SOURCE DATA
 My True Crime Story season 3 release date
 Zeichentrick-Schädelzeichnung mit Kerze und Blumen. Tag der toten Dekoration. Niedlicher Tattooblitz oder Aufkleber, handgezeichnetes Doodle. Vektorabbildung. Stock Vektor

---

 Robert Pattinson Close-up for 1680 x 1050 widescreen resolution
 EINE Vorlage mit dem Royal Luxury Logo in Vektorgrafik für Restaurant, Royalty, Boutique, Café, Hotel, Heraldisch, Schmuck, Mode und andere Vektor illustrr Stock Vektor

---

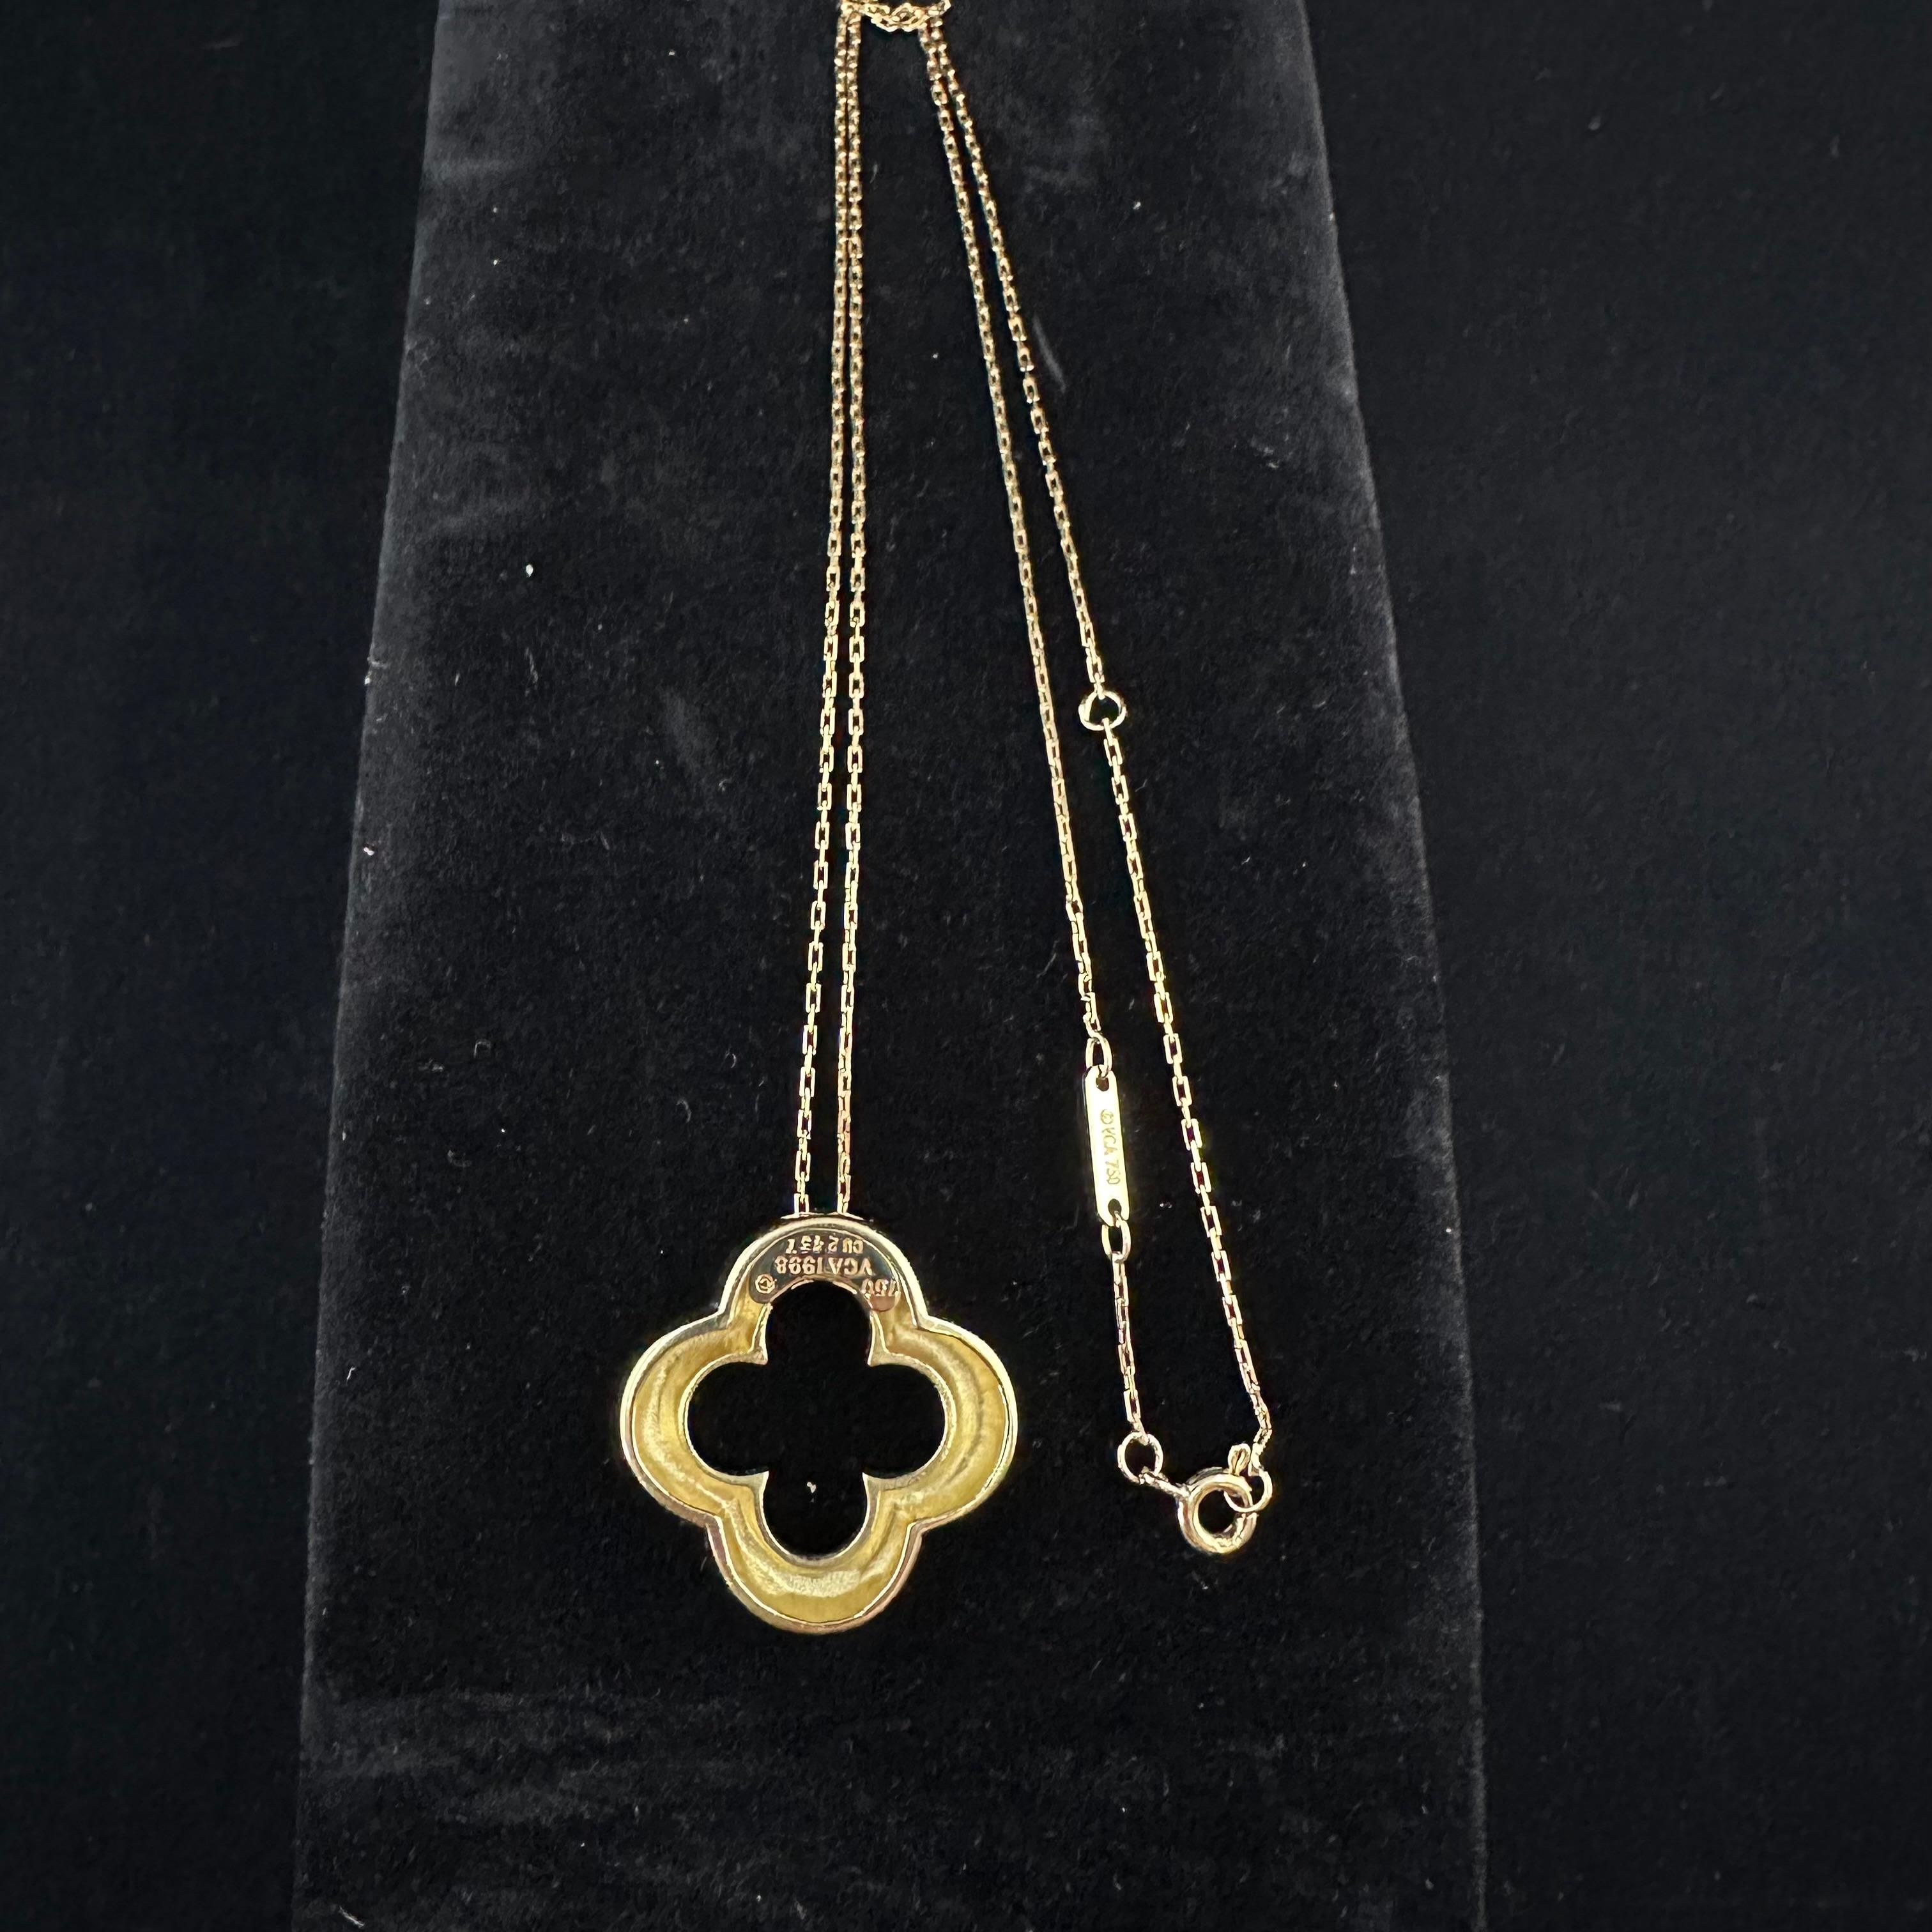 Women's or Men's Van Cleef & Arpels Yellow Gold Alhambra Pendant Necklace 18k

INSTRUCTIONS FOR THE TASK
Write the number of lines above that contain the string "Vektor", and nothing besides.

REPLY
2